The main requirement is that your project must involve some modest but (ideally) meaningful contribution to the field of vector databases or ANNS indexing. It could be trying out a new idea, extending a paper in the area, implement or benchmark and compare existing work, fresh analysis of common datasets, contribute theoretical insights and analysis, or provide some other constructive contribution. The project should focus on quantitative methods, such as algorithm design, various techniques, empirical evaluation of systems and algorithms, or mathematical modeling; something you can measure or prove.
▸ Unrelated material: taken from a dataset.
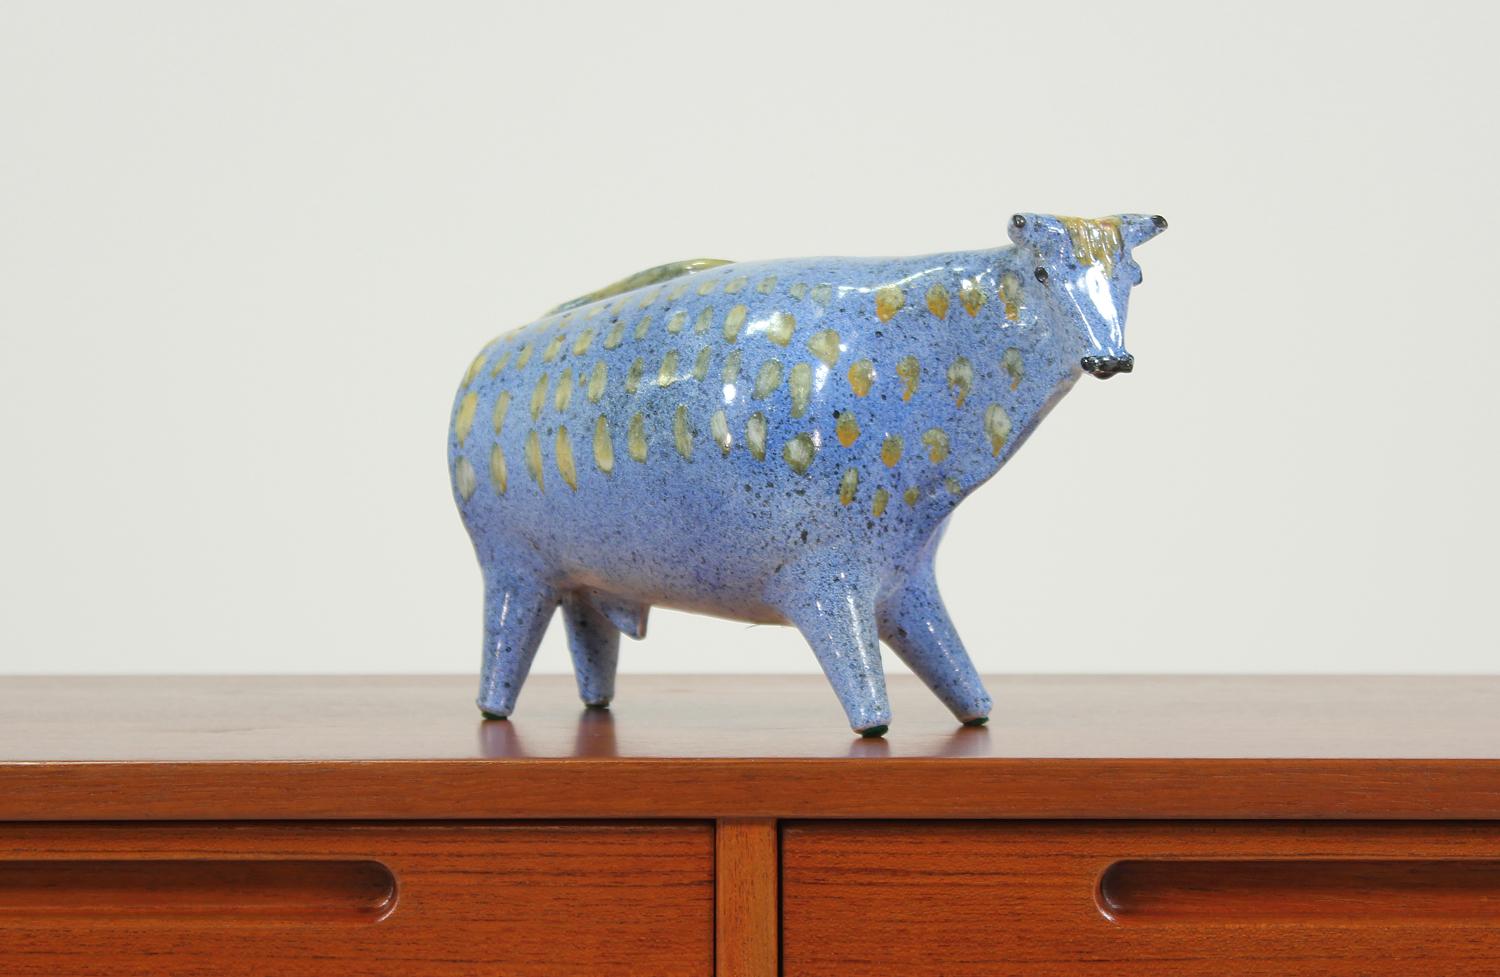 Fine bull sculpture designed and manufactured by Alfaraz in Spain circa 1950’s. This artistic bull sculpture is in excellent condition showing minor wear from use. A wonderfully preserved item made of ceramic painted with in speckled blue and hand

The scope should be roughly about the size of a small systems workshop paper. You are welcome to tailor your project to align with your own research interests or background, or to make it more relevant and impactful. But it should be connected to vector databases.

Deliverables

To ensure steady progress on your project, we will ask you to submit three PDF deliverables through the term. The PDFs are submitted through Quercus assignments, and any feedback on them will come back via Quercus as well.

Format: the PDF format must follow the LaTeX template for USENIX papers. As common in conferences, you should not change things like font sizes, line spacing, width or height of text area, etc. However for the proposal and progress report deliverables, you can omit the abstract. A common mistake is microscopic figures! Make sure your figures are readable without need to zoom-in too much. (Hint: if figure text is smaller than footnote text, this is probably too small.)
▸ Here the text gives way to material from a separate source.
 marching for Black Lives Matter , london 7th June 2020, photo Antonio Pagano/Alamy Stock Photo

Note that using LaTeX is mandatory! Do not use Word, not even the Word template from USENIX. Using LaTeX is an essential skill for CS grad students and is a learning goal. Instead of using LaTeX locally you can use Overleaf, which can make collaboration easier and requires no setup.
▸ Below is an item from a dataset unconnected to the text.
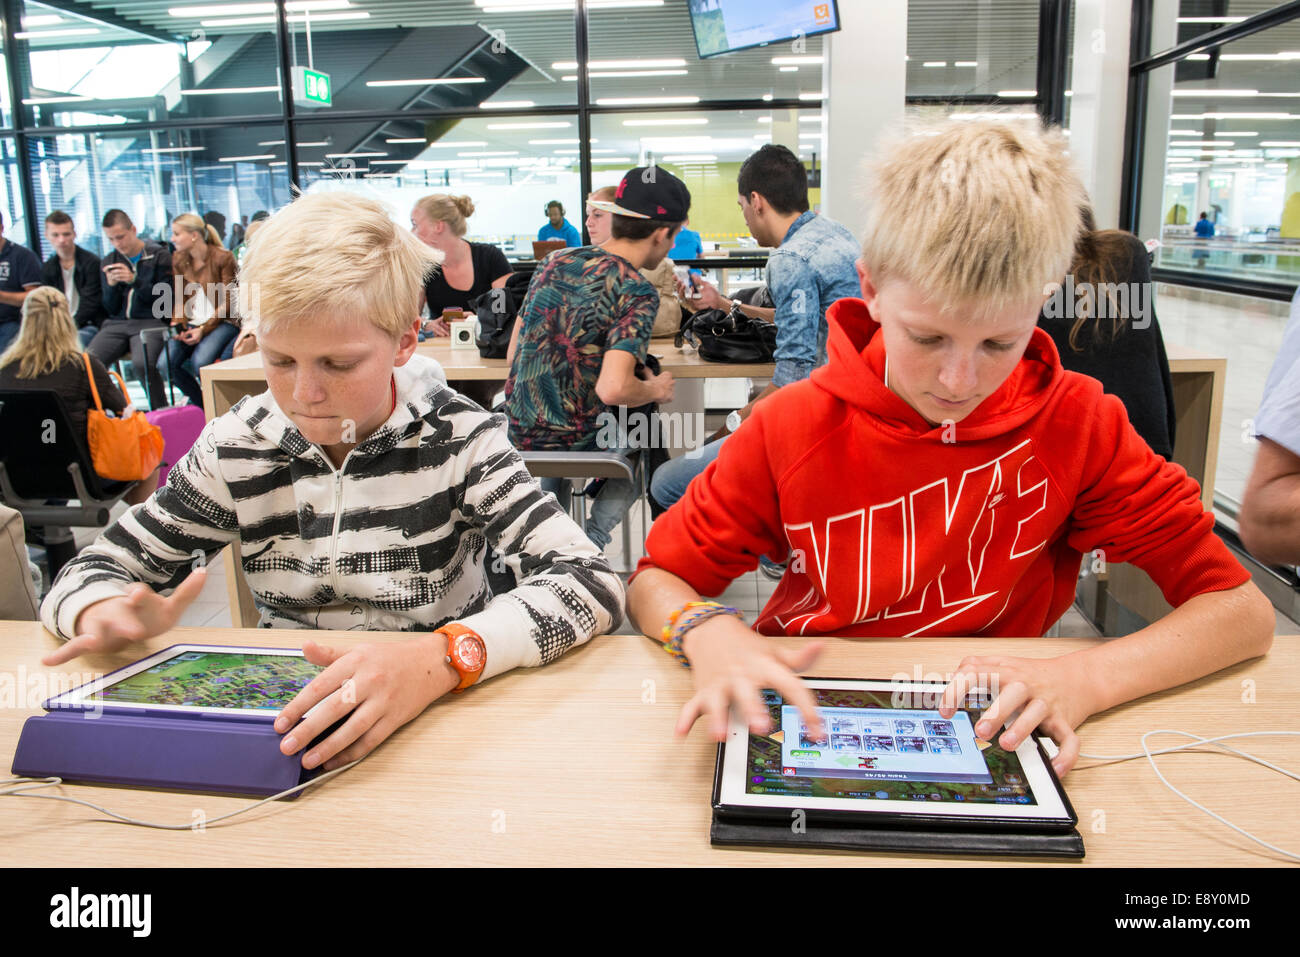 Boys playing games on their tablets, Schiphol Airport, Netherlands Stock Photo

I. Proposal (due mid-Feb, exact date is in Quercus)

A concise document outlining your idea and execution plan (up to one page page). Explain in reasonable detail your idea, how you will pursue it, and how you will evaluate it. The proposed plan is not set in stone; it is perfectly OK (and even normal) that as you go with the project, you end up doing things differently than what you planned for. But you do need a plan! Do not forget to include a project title and the names of the authors (i.e., you names). The PDF should be up to a single page (with two columns of text) plus as many additional pages at the end as you need for references (bibliography). In other words, the referneces do not count in the page limit.

Guidance: (click to open)
  • When outlining your overall project idea, explain what you are planning to investigate, how it relates to previous work, whether it is a novel idea or extension of work, and how do you think it might benefit. Make it clear whether you are reproducing previous work or trying your own ideas. An important part is conducting a small literature review to make sure your idea is not identical to something that was already done. What are the most relevant existing works in the area?
  • For your plan, you should explain the steps you plan to take to implement and test your idea for the project. Be reasonably specific; "(1) design, (2) implementation, (3) evaluation" is not a plan. What planning needs to be done? What exactly will you implement, what language, and how long do you think it will take? (Hint: you only have a few weeks and need to reserve time for experimentation and writing.) On what hardware will you run your experiments, and do you have access to the necessary hardware? What datasets will you use? Are you sure you will finish on time on the hardware you have? (Hint: if you plan indexing SIFT1B on your laptop, this will not go well. Try SIFT1M).
  • For evaluation, briefly detail what kind of experiments you want to run, what kind of variables you want to control, the metrics you will want to measure, and the outcomes you expect or hope to see. What are the research questions you might want to ask?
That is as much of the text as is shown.